A dedicatória do livro é dirigida, entre outros, à Elizabeth I, rainha da Inglaterra entre 1558 e 1603, que, segundo Rachel de Queiroz, serviu de inspiração para a criação de Maria Moura, pelo caráter forte e pela liderança nata.

Elizabeth, em discurso às tropas inglesas que enfrentariam a Invencível Armada Espanhola, disse: “Sei que tenho o corpo de uma mulher fraca e frágil; mas tenho também o coração e o estômago de um rei – e de um rei da Inglaterra”. E Maria Moura em um dos seus discursos, argumenta: “Nunca se viu mulher resistindo à força contra soldado. Mulher, pra homem (...) só serve para dar faniquito. Pois, comigo eles vão ver. E, se eu sinto que perco a parada, vou-me embora com meus homens, mas me retiro atirando. E deixo um estrago feio atrás de mim. (...) prá ninguém mais querer botar o pé no meu pescoço.”

Na obra são retomados alguns dos temas básicos de Rachel de Queiroz: o Nordeste problemático, a preocupação social, as figuras femininas singulares. Misturam-se na narrativa todas as forças e fraquezas, todas as virtudes e defeitos da condição humana, desde o amor ao ódio, desde o crime ao remorso.
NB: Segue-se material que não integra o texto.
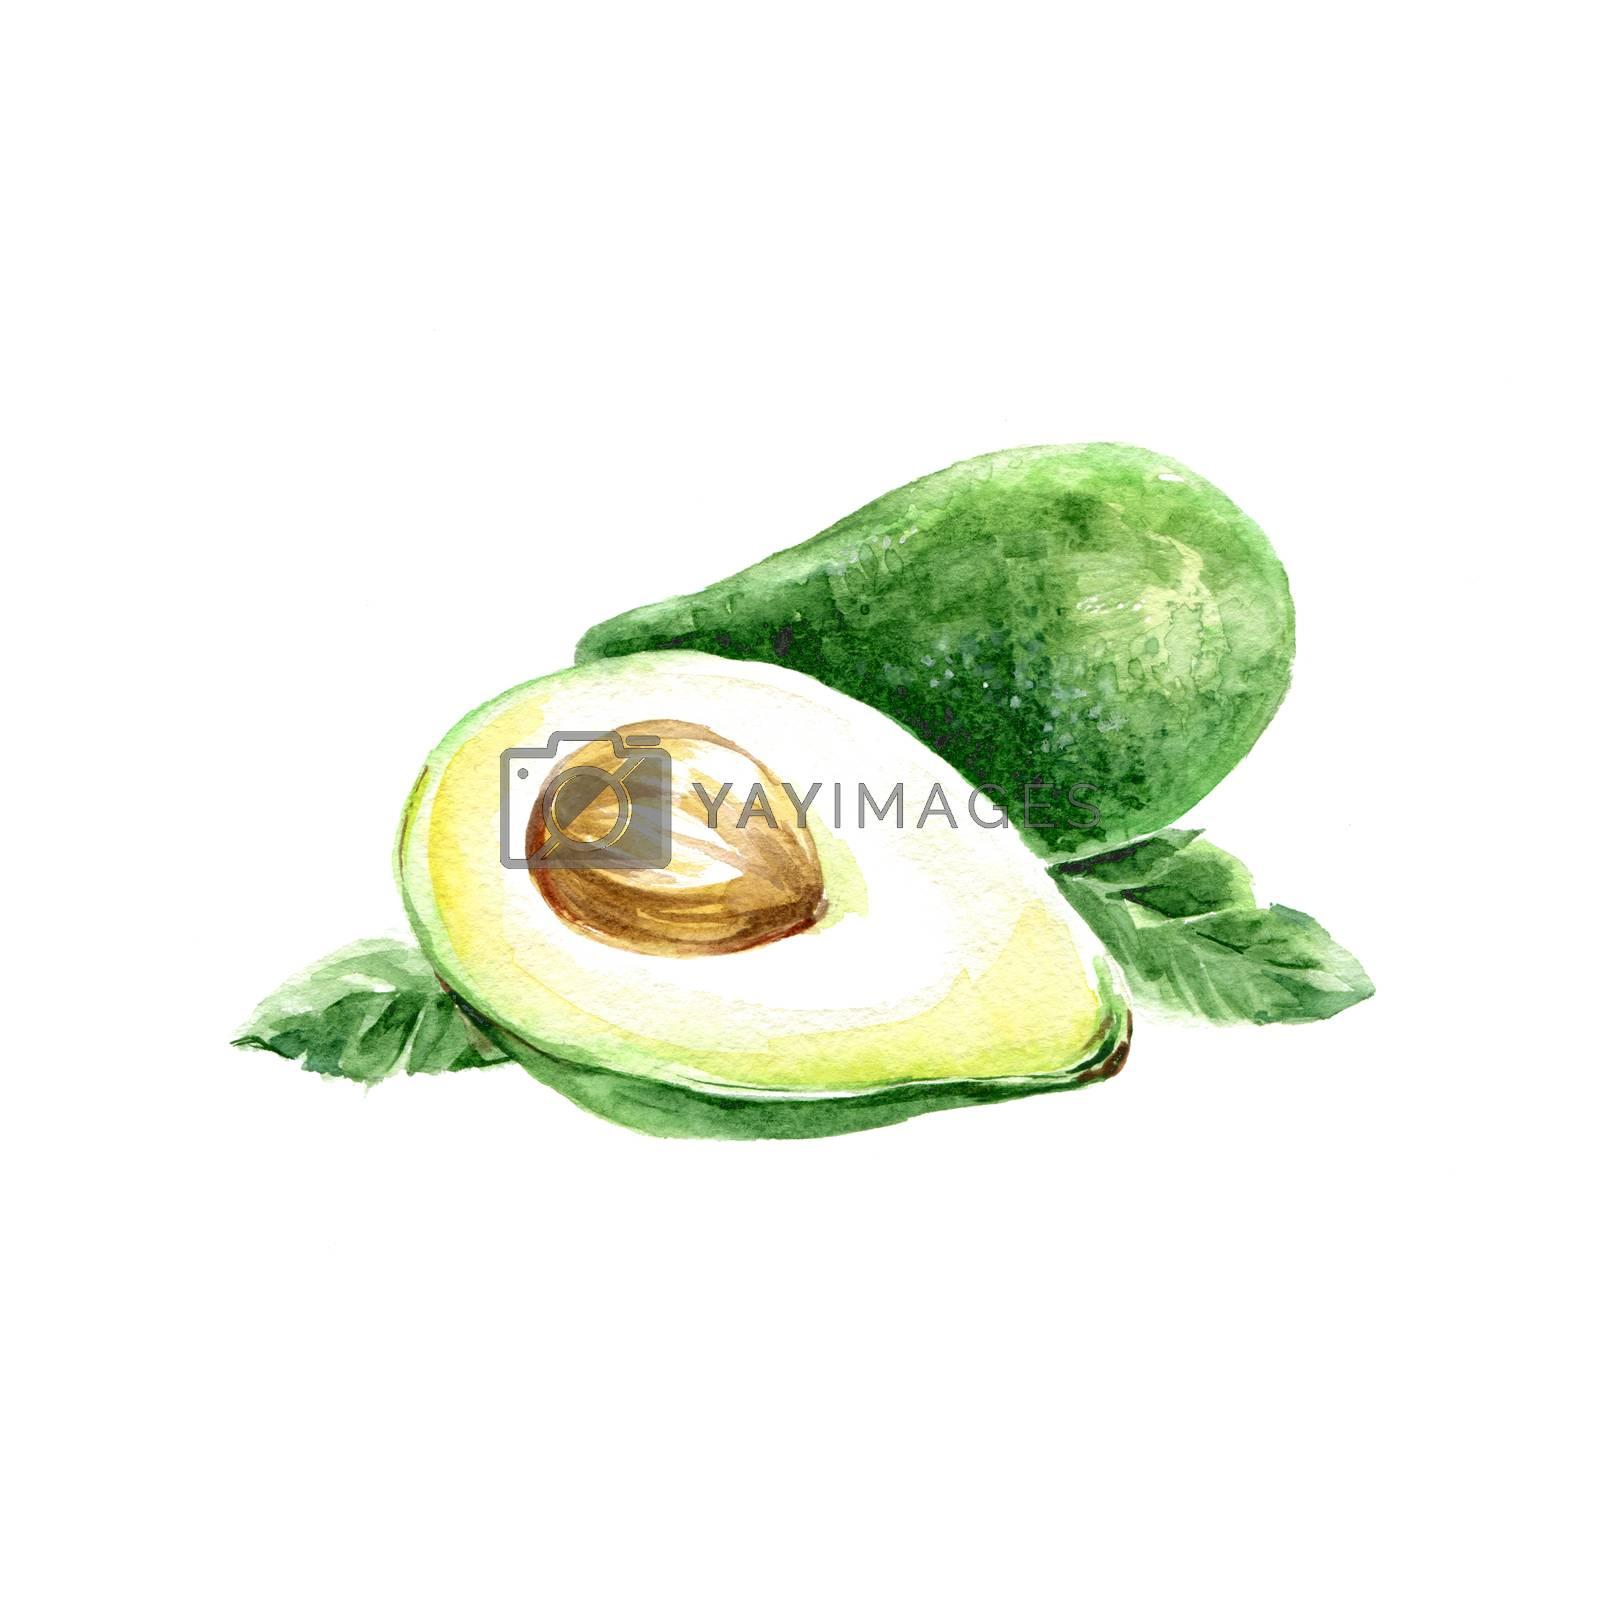 Watercolor Avocado. Hand Drawn Illustration Organic Food Vegetarian Ingredient

Ao contrário da narração tradicional, temos em “Memorial de Maria Moura”, a presença de múltiplas vozes, o que caracteriza a polifonia, ou seja, a história é contada do ponto de vista de mais de uma personagem. A dinâmica entre os três narradores torna a obra envolvente, e não se pode dizer que o livro traz uma história apenas: são pelo menos três. No eixo central tem-se Maria Moura e os primos, Tonho e Irineu, com os quais ela disputa a herança. Como núcleos paralelos e secundários, têm-se o conflito do padre José Maria que abandona a batina e torna-se o Beato Romano. O terceiro núcleo foca o casal Marialva e Valentim, e a vida de ambos no circo em trabalha.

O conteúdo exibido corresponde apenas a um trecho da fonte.